Only the lines from the one containing "新鲜的蓝莓分层了堆积有mascarpone奶油和曲奇饼的沙漠" to the end of the listing below should be returned, exactly as written and without pictures.
*** GIVEN DATA ***
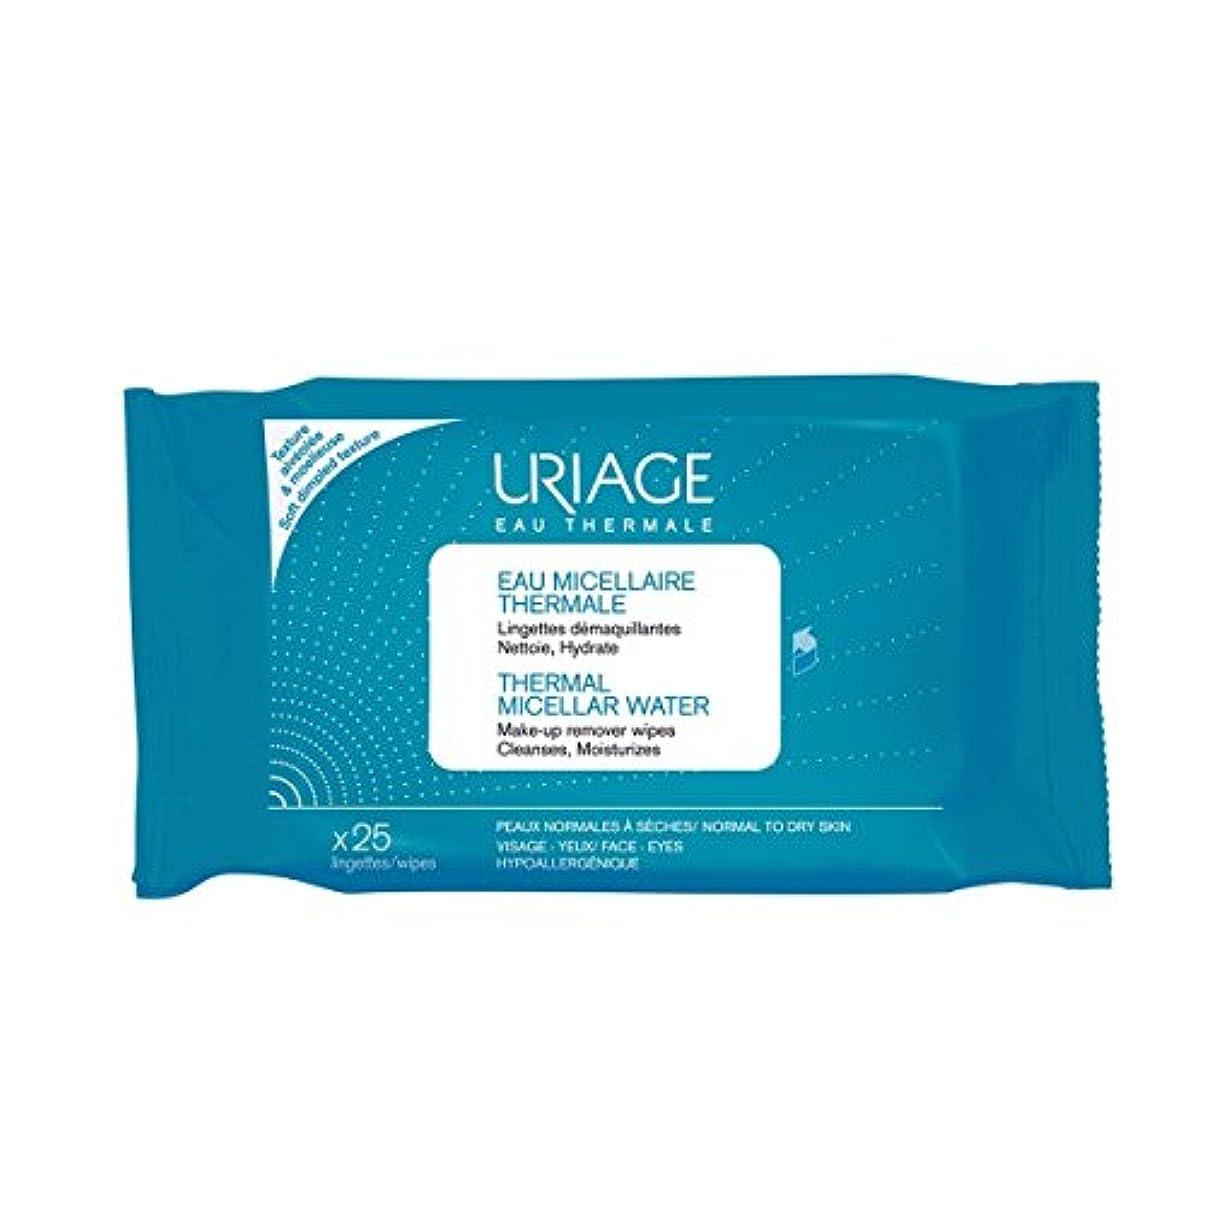 囲まれた喉が渇いた報復Uriage Thermal Micellar Water Make-up Remover Wipes X25 [並行輸入品]
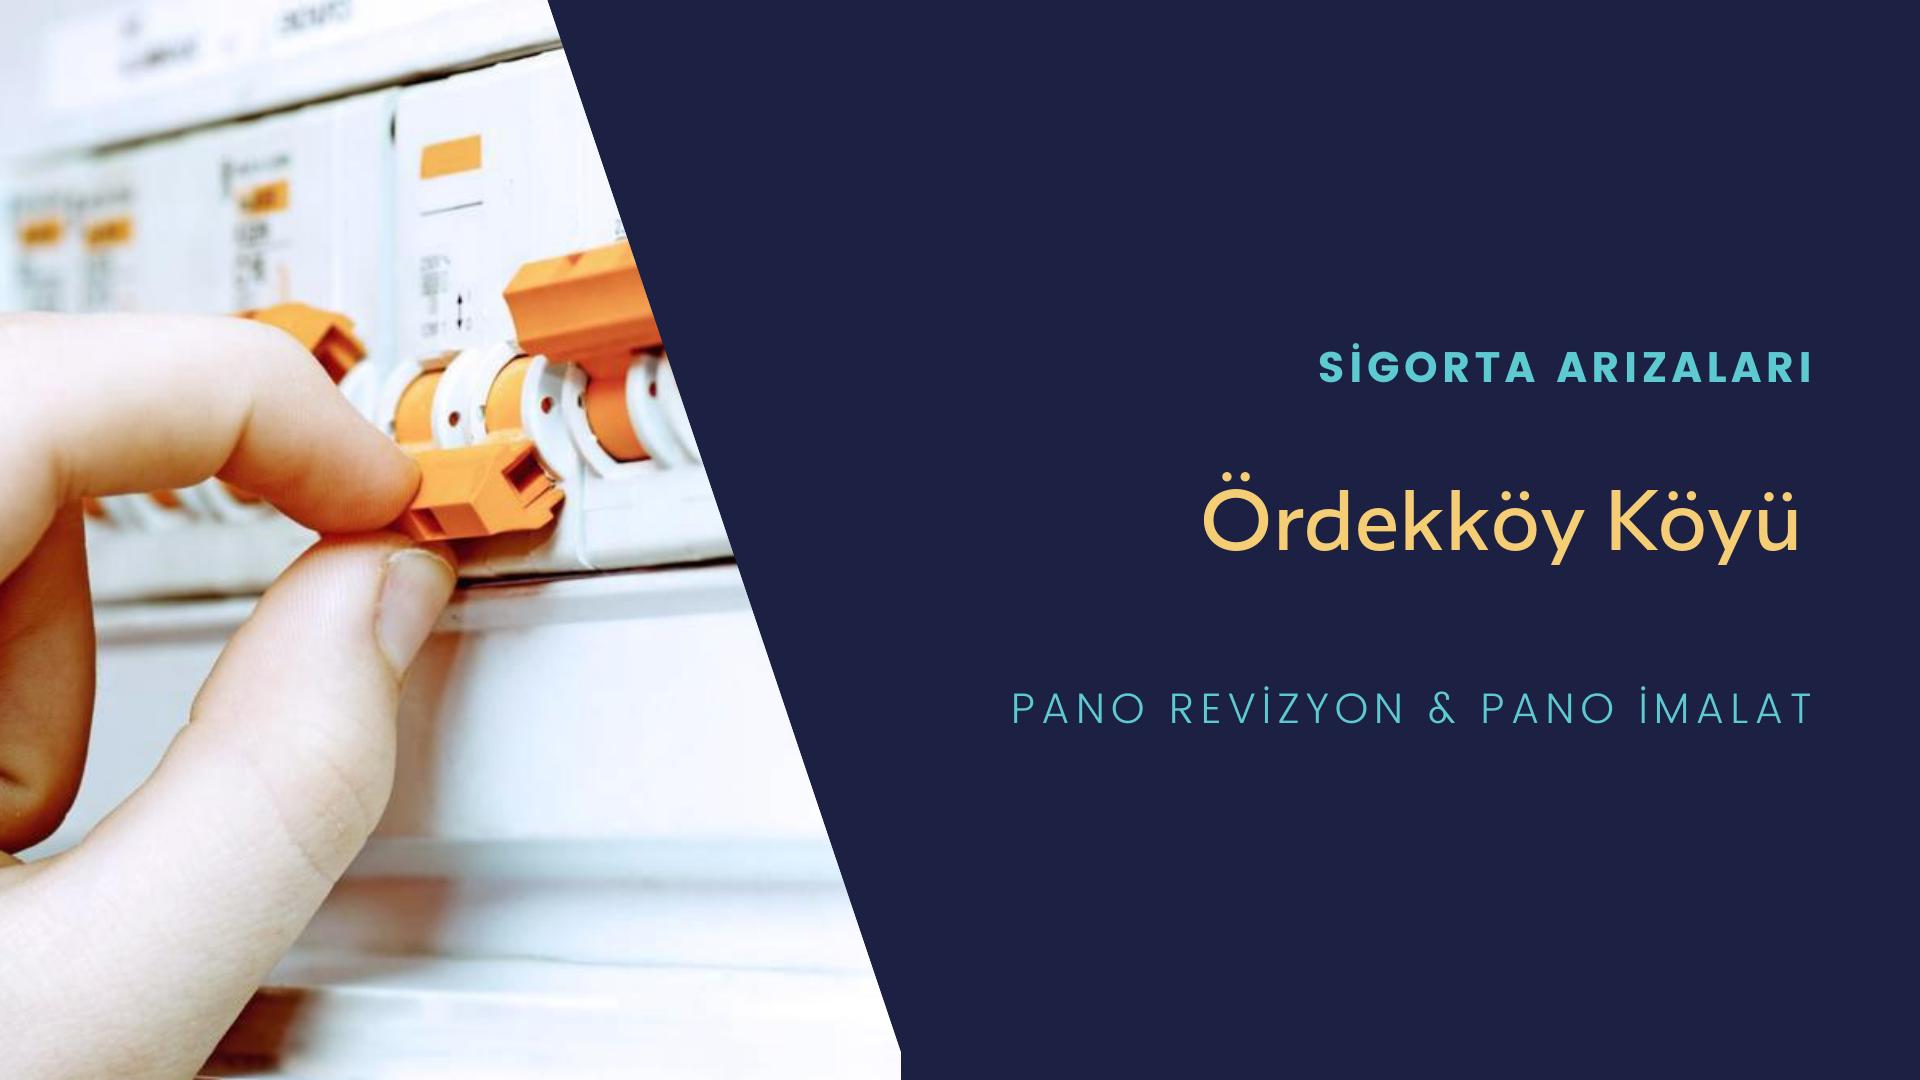 Ördekköy Köyü Sigorta Arızaları İçin Profesyonel Elektrikçi ustalarımızı dilediğiniz zaman arayabilir talepte bulunabilirsiniz.
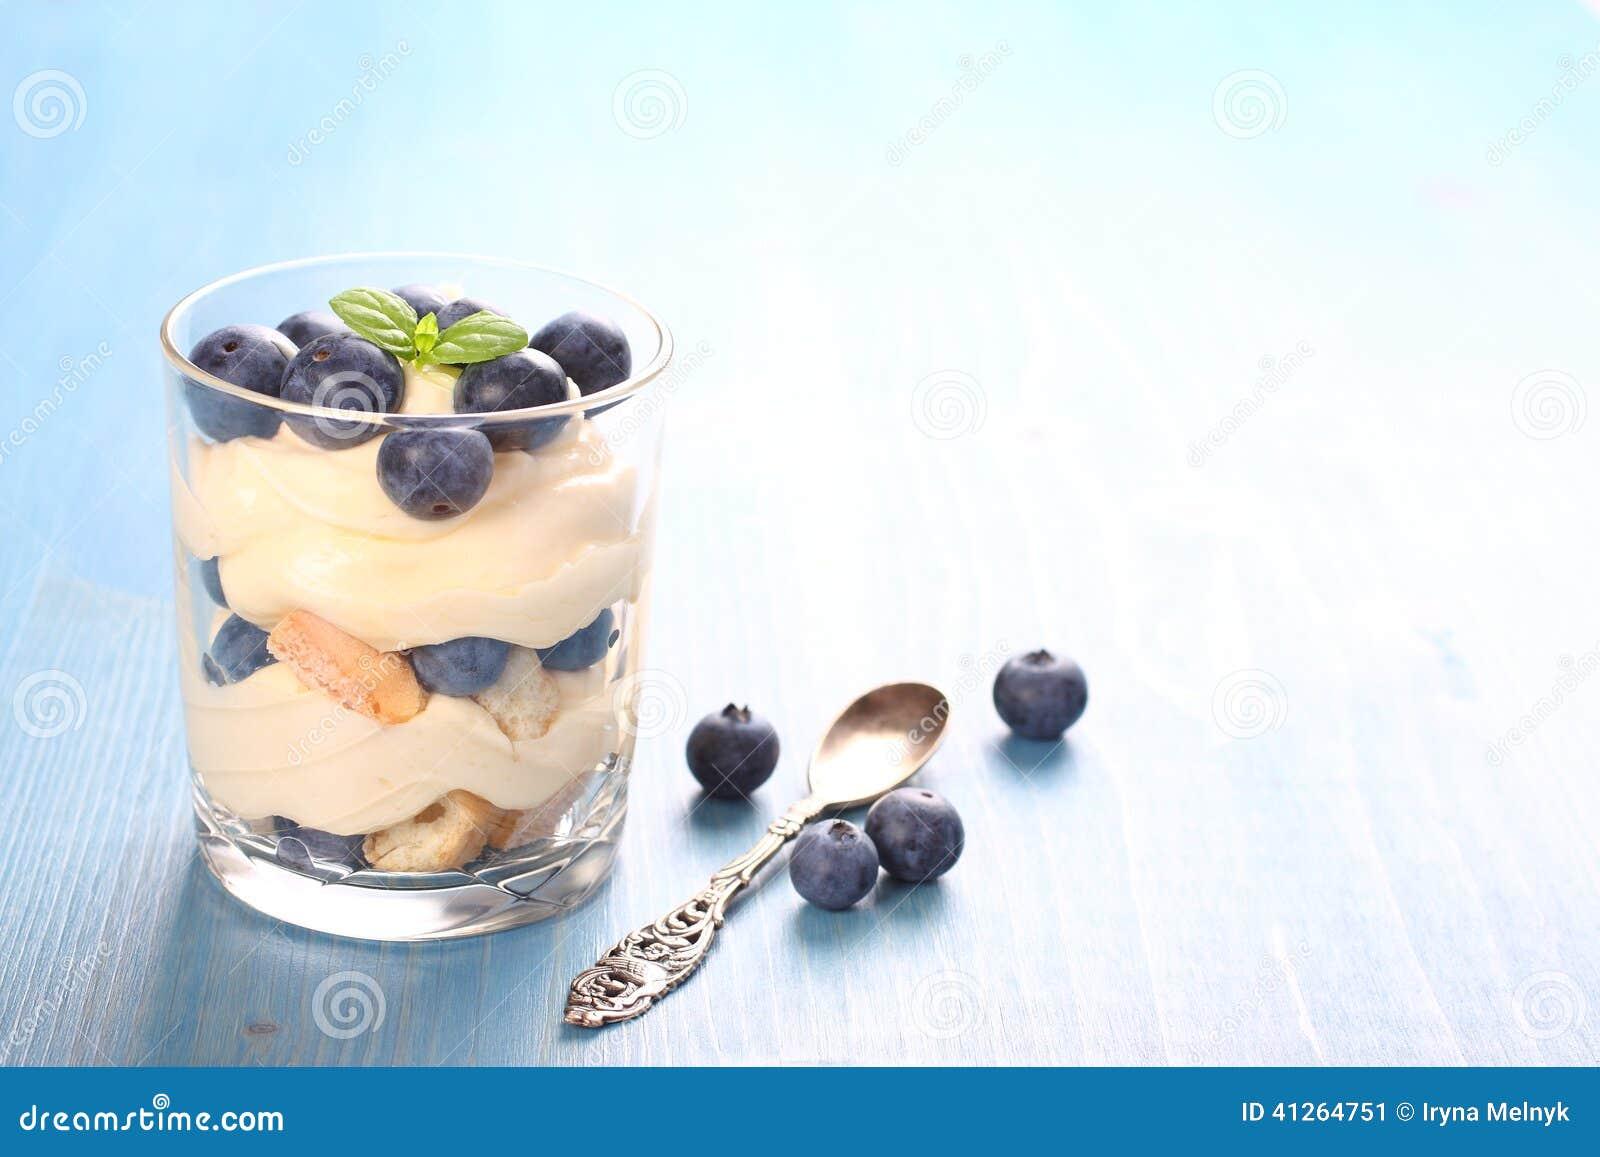 新鲜的蓝莓分层了堆积有mascarpone奶油和曲奇饼的沙漠
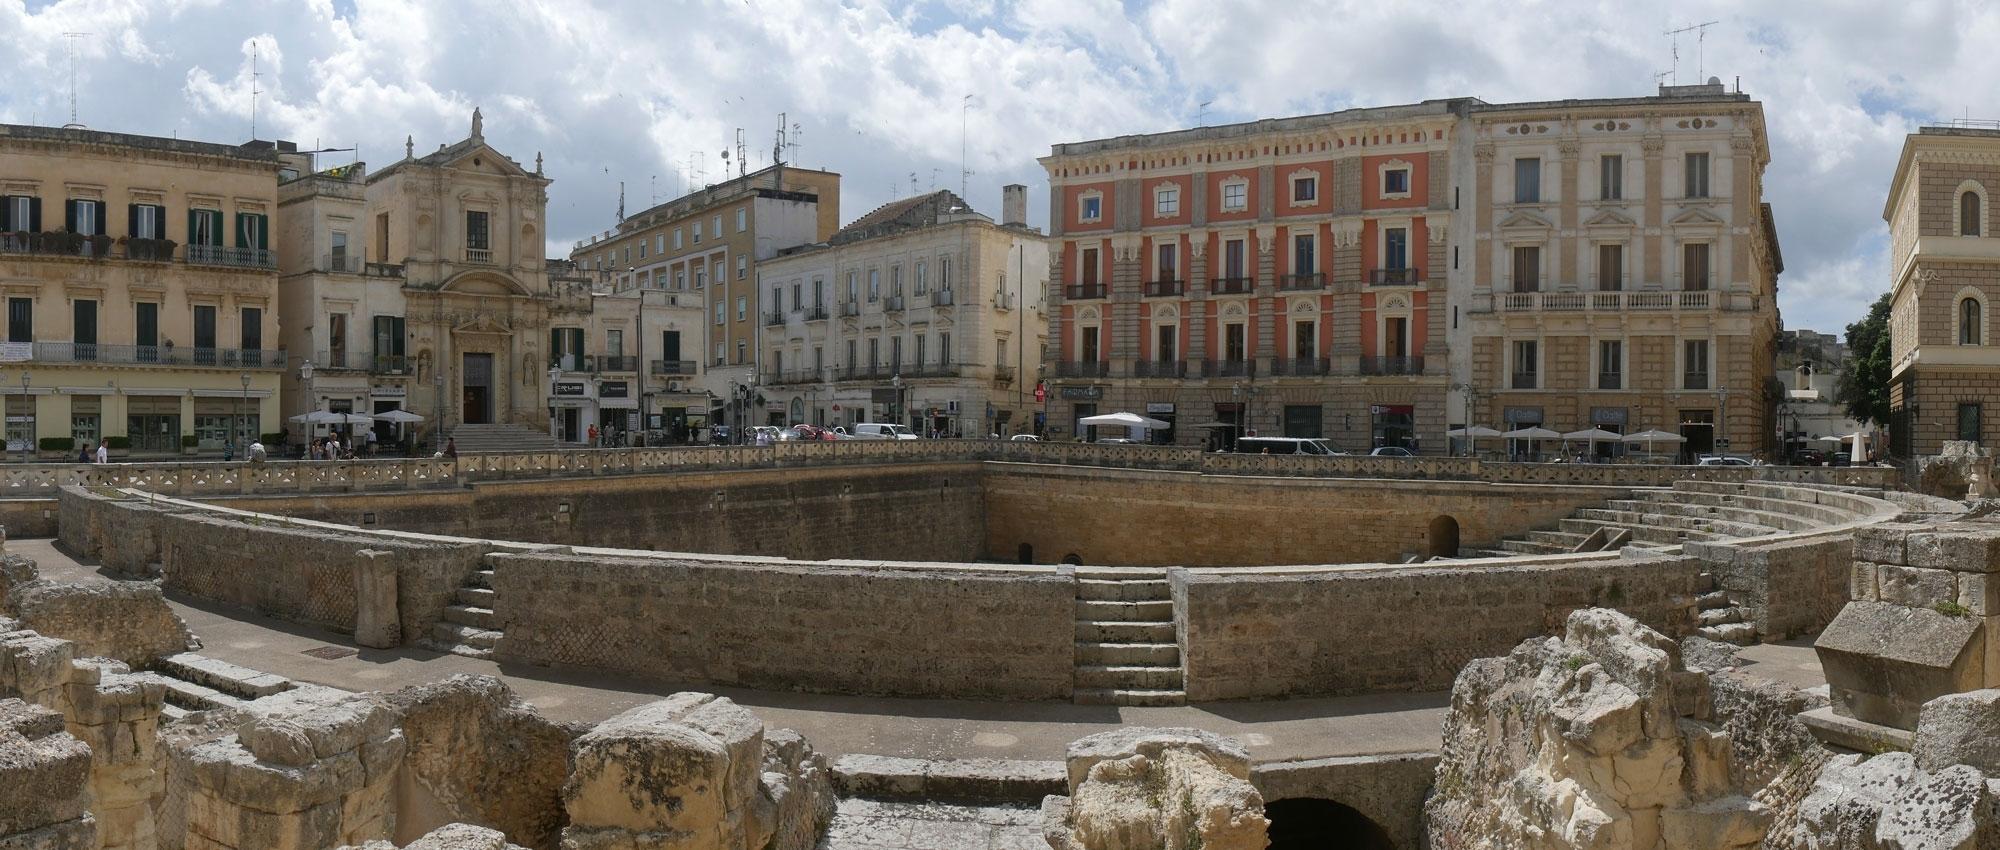 Luxury Car Hire Lecce
*** End of GIVEN DATA ***
### EXERCISE RESULT
 新鲜的蓝莓分层了堆积有mascarpone奶油和曲奇饼的沙漠
 Luxury Car Hire Lecce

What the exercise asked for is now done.